Io solo posso vuotare di significato la parola del Signore
per molti
che la usano nell’ora della messa domenicale.
Io ho il Potere,

POTERE NERO

STEREO

I can clear a beach or swimming pool without touching water.
I can make a lunch counter become deserted in less than an hour.
I can make property value drop by being seen in a realtor’s tower.
I ALONE can make the word of God have little
or no meaning to many
in Sunday moring’s prayer hour.
I have Power,

BLACK POWER

*

Etheridge Knight
SCRIVERE POESIE IN PRIGIONE

È difficile scrivere una poesia
in prigione;
l’aria non si lascia catturare
dal poeta.
Le stagioni trascorrono non viste
e non accendono un fuoco giovane
in questo palazzo cupo e vuoto di passione.
Le parole delicate sono rare e ubriache
contro il metallo delle chiavi;
occhi spalancati fissano enormi zeri
e chiedono soltanto compassione.

Ma la compassione non ispira il poeta.
E tuttavia la poesia ha bisogno di un suggerimento.
Qui non vi è neanche la tristezza del canto,
neanche un meraviglioso furore,
gli uccelli non battono le ali. E l’amore?
Ebbene l’amore se ne è andato,
l’amore è volato verso la Cina.

TO MAKE A POEM IN PRISON

It is hard to make a poem
In prison;
The air lends itself not
To the singer.
The Seasons creep by unseen
And spark no fresh fìre
In this dark palace of no passion.
Soft words are rare and drunk drunk
Against the clang of keys;
Wide eyes stare fat zeros
And plea only for pity.

But pity is not for the poet.
Yet poems must be primed.
Here is not even sadness for singing,
Not even a beautiful rage rage,
No birds are winging.
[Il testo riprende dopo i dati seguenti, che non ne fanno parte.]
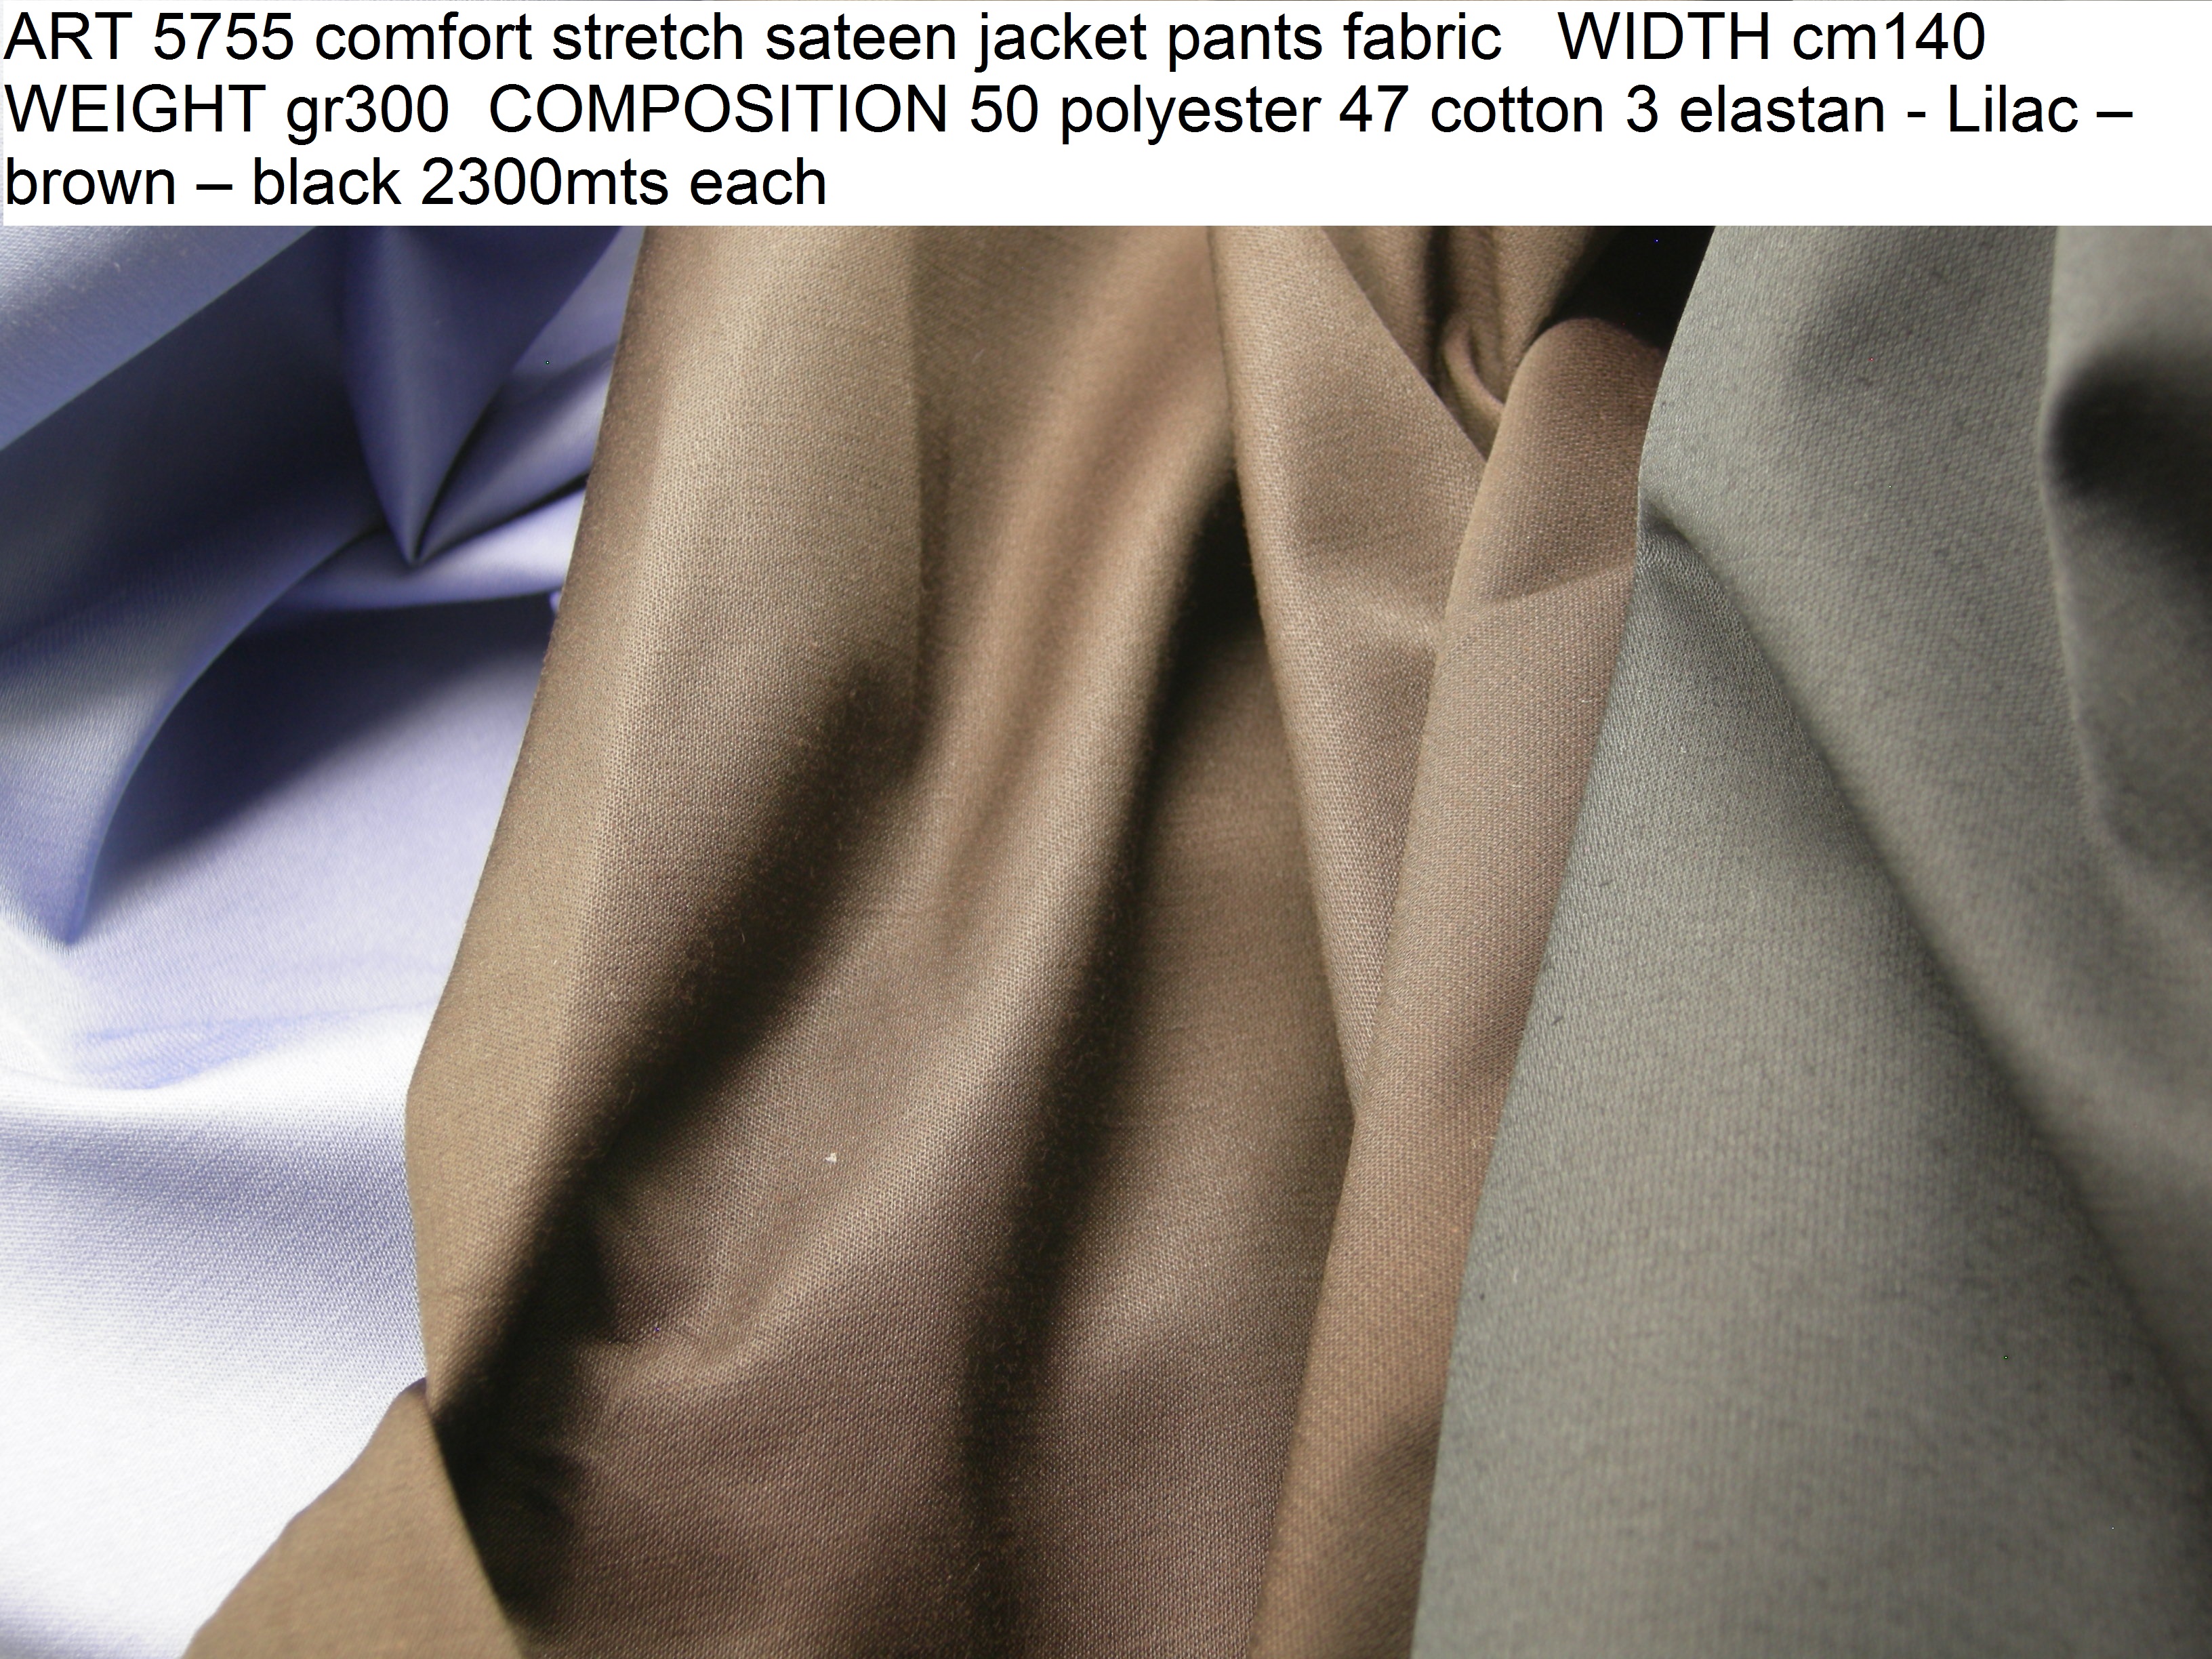 ART 5755 comfort stretch sateen jacket pants fabric WIDTH cm140 WEIGHT gr300 COMPOSITION 50 polyester 47 cotton 3 elastan - Lilac – brown – black 2300mts each

The air
Is empty of laughter. And love?
Why, love has gone,
Love has flown to China.

 

*L’idea degli antenati. Poesia del Black Power (Gwynplaine 2013)
a cura di J. Lussu / introduzione di Roberto Giammanco / postfazione di Silvia Baraldini

Curato e tradotto da Joyce Lussu, il presente volume raccoglie una selezione di poesie scritte durante gli anni del Movimento per i diritti civili negli Stati Uniti dai migliori poeti del “Black Power”. I versi proposti esprimono la sofferenza e la volontà di lotta degli afro-americani di fronte a una questione razziale ancora oggi, nell’America di Obama, tutt’altro che risolta, come spiega Silvia Baraldini nella sua post-fazione all’opera. Con un saggio introduttivo di Roberto Giammanco.